■ YOUR OBJECTIVE ■
Repeat the listing word for word. Leave every picture out.

■ AVAILABLE DATA ■
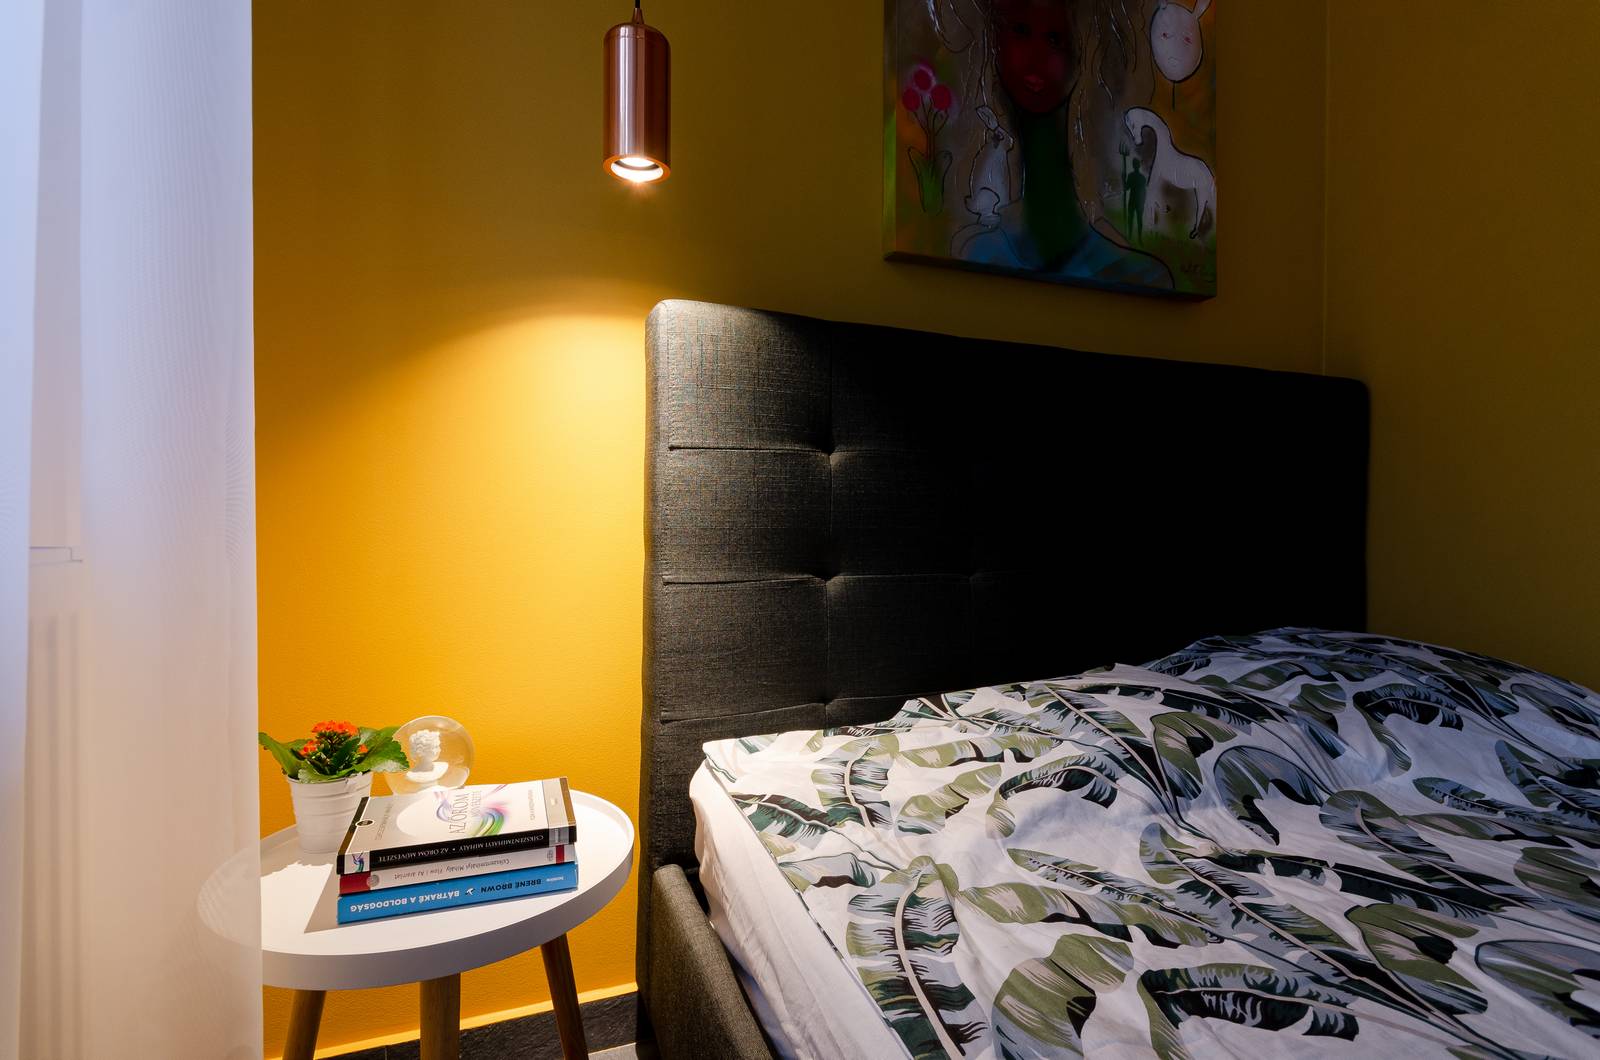 Tấm chăn mỏng hoa văn lá chuối, ánh sáng ấm áp từ đèn thả trần, phụ kiện trang trí trên táp đầu giường và bức tranh cô gái cho không gian vẻ đẹp rất 'art'.
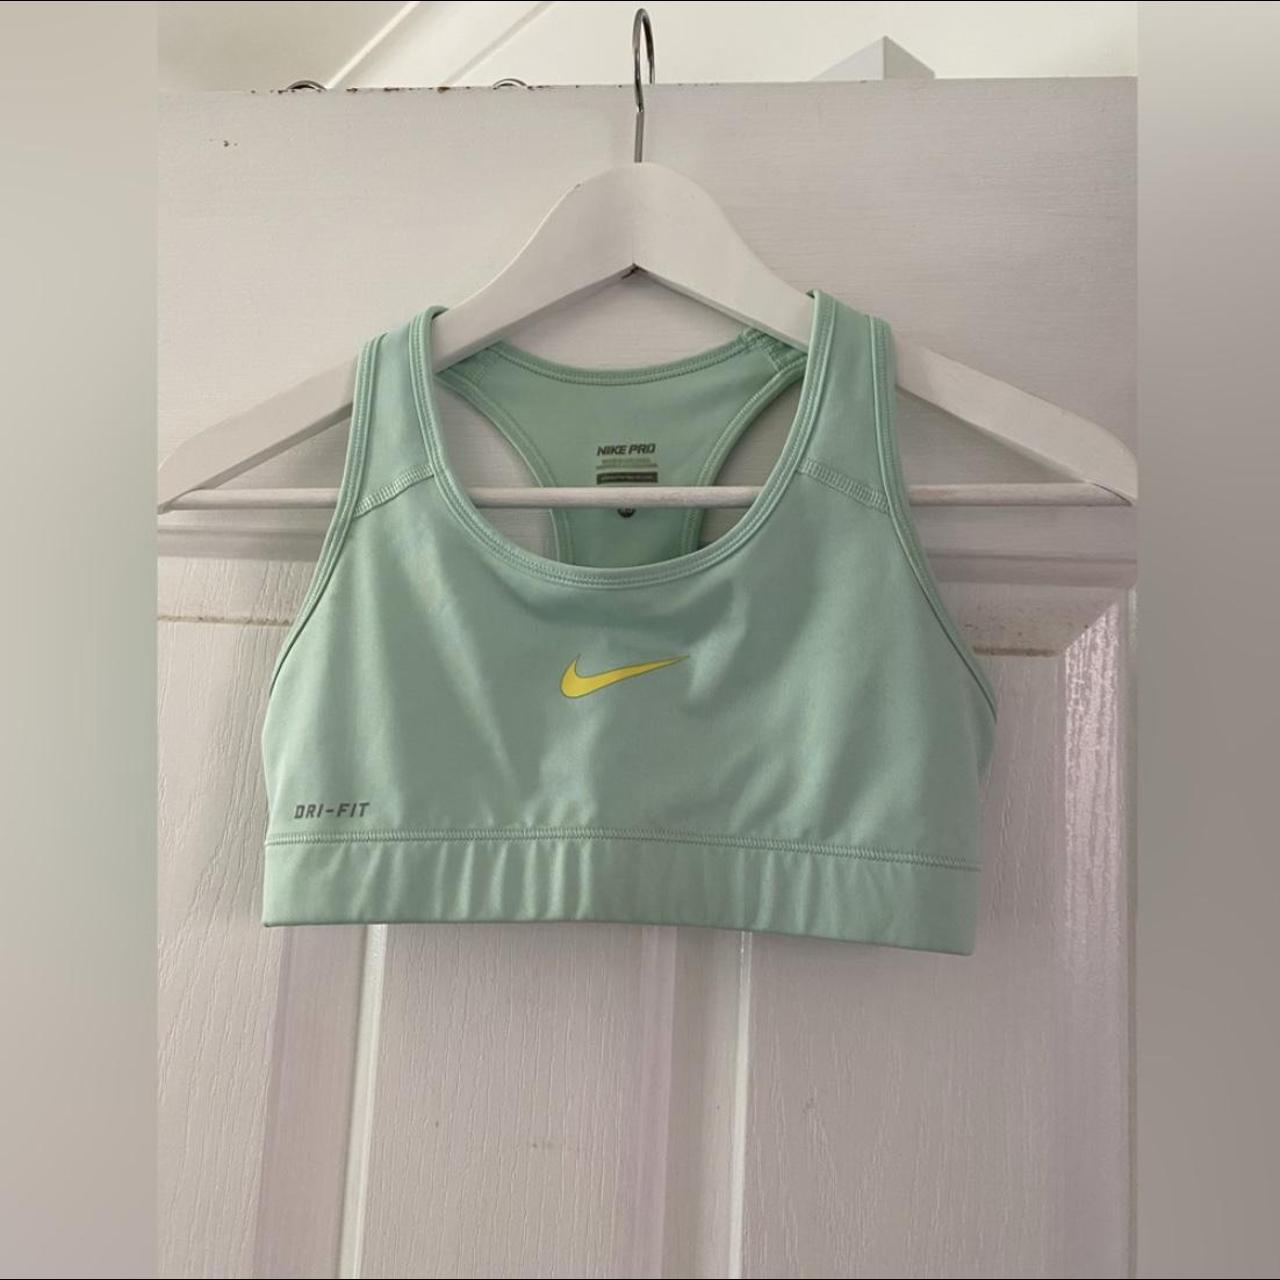 Green Sports bra from dunnes, worn a few times, - Depop
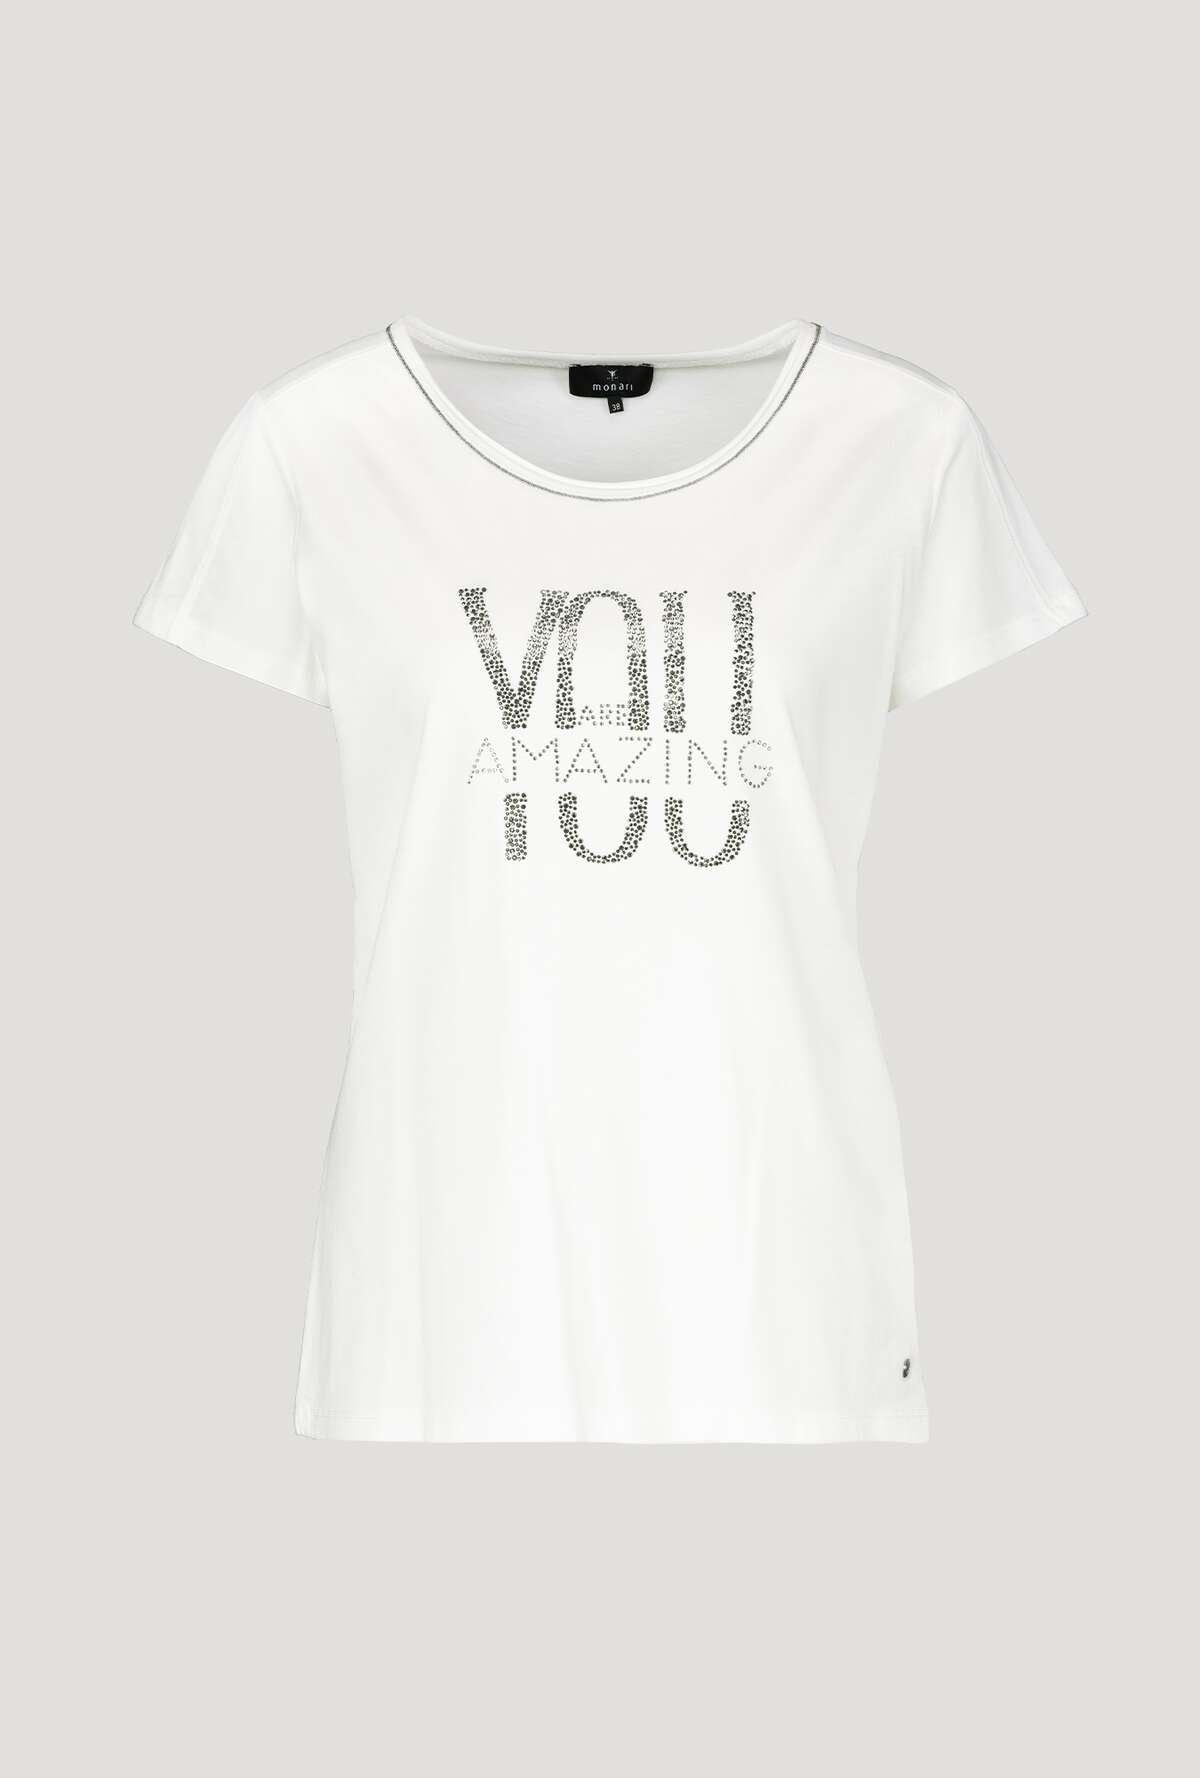 Monari Damen Statement T-Shirt mit Glitzer – Melange

■ ANSWER SPACE ■
 Tấm chăn mỏng hoa văn lá chuối, ánh sáng ấm áp từ đèn thả trần, phụ kiện trang trí trên táp đầu giường và bức tranh cô gái cho không gian vẻ đẹp rất 'art'.
 Green Sports bra from dunnes, worn a few times, - Depop
 Monari Damen Statement T-Shirt mit Glitzer – Melange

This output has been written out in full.